KM-301a · Module 3

AI-Assisted Taxonomy Generation

5 min read

When a knowledge base has accumulated hundreds or thousands of items without a coherent taxonomy, building one manually is a significant project. AI-assisted category discovery — using clustering and embedding techniques to surface natural groupings — can dramatically reduce the manual effort. The key word is "assisted." AI surfaces candidate categories; humans decide which ones are taxonomically meaningful.

  1. Embed the Content Corpus Generate vector embeddings for each item in the knowledge base using a text embedding model. The embeddings capture semantic similarity — items that discuss similar concepts will have similar embedding vectors. Use titles, abstracts, or introductory paragraphs for embedding rather than full documents. Full-document embeddings pick up structural and formatting noise that obscures thematic similarity.
  2. Run Hierarchical Clustering Apply hierarchical agglomerative clustering to the embedding space. Hierarchical clustering does not require you to specify the number of clusters in advance — it builds a dendrogram that you can cut at different depths to reveal coarse or fine-grained groupings. Cut at a low depth to see broad thematic areas; cut at a higher depth to see subcategories. The dendrogram is a discovery tool, not a final taxonomy.
  3. Label and Validate Clusters For each cluster, ask an LLM to summarize what the items in the cluster have in common and propose a category name. Then validate: does the proposed name match how users think about this content? Are there items that clearly do not belong? Are any clusters too heterogeneous to have a coherent name? Cluster labels are hypotheses. Domain experts validate or reject them.
  4. Iterate on Cluster Resolution Some clusters will be too broad; some will be too narrow. For over-broad clusters, run a second-pass clustering on just that cluster's items. For over-narrow clusters, merge similar clusters and find the more general label. The goal is not to follow the algorithm — it is to use the algorithm to surface groupings that human reviewers then accept, reject, or reshape.
import numpy as np
from sklearn.cluster import AgglomerativeClustering
from sklearn.metrics.pairwise import cosine_similarity

def discover_taxonomy_candidates(embeddings: np.ndarray, n_clusters: int = 20) -> dict:
    """
    Cluster knowledge base embeddings to surface natural category candidates.
    Returns cluster assignments and within-cluster similarity scores.
    """
    clustering = AgglomerativeClustering(
        n_clusters=n_clusters,
        metric='cosine',
        linkage='average'
    )
    labels = clustering.fit_predict(embeddings)

    clusters = {}
    for i in range(n_clusters):
        mask = labels == i
        cluster_embeddings = embeddings[mask]
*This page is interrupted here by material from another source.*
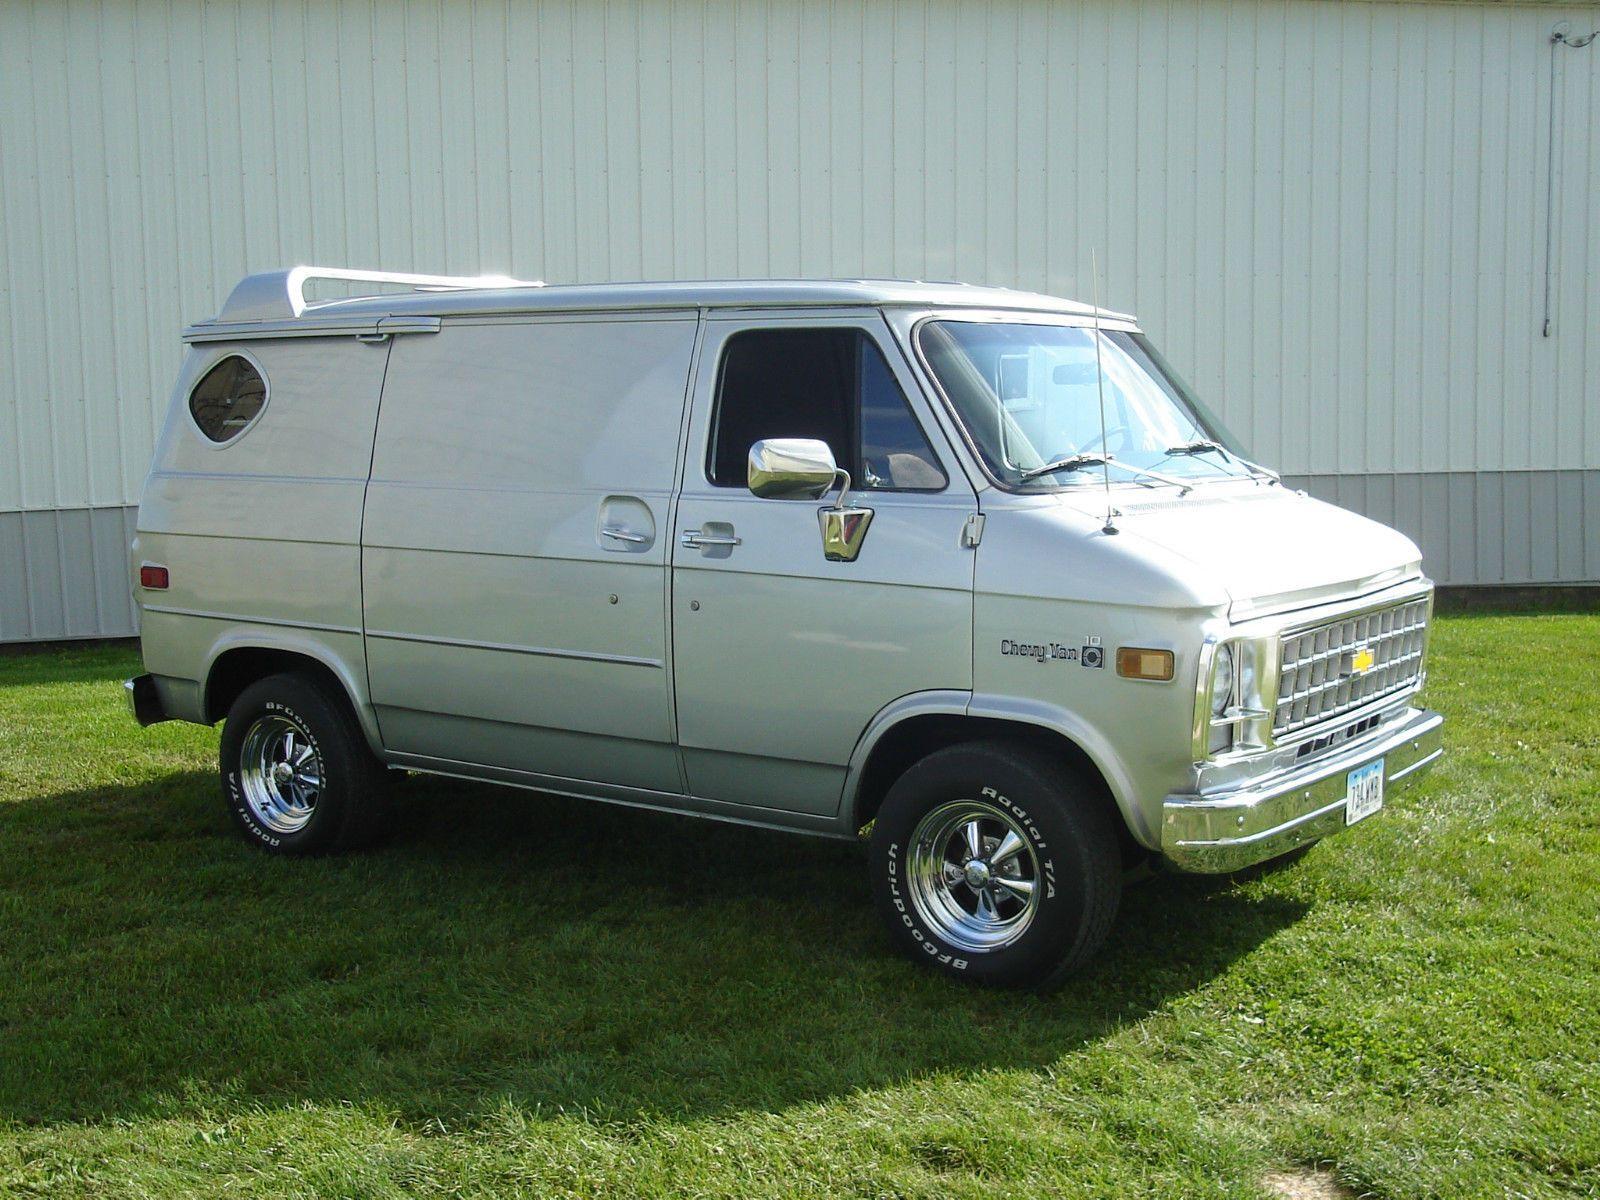 1982 Chevrolet G20 Van Maintenance  Restoration Of Old

        # Coherence score: mean pairwise cosine similarity within cluster
        if len(cluster_embeddings) > 1:
            sim_matrix = cosine_similarity(cluster_embeddings)
            np.fill_diagonal(sim_matrix, 0)
            coherence = sim_matrix.sum() / (len(cluster_embeddings) * (len(cluster_embeddings) - 1))
        else:
            coherence = 1.0

        clusters[i] = {
            'item_indices': np.where(mask)[0].tolist(),
            'size': int(mask.sum()),
            'coherence': round(float(coherence), 3),
            # Low coherence clusters are candidates for splitting
            'review_flag': coherence < 0.65
        }

    return clusters

# After clustering: pipe representative items per cluster to an LLM
# to propose category names, then route to domain expert for validation.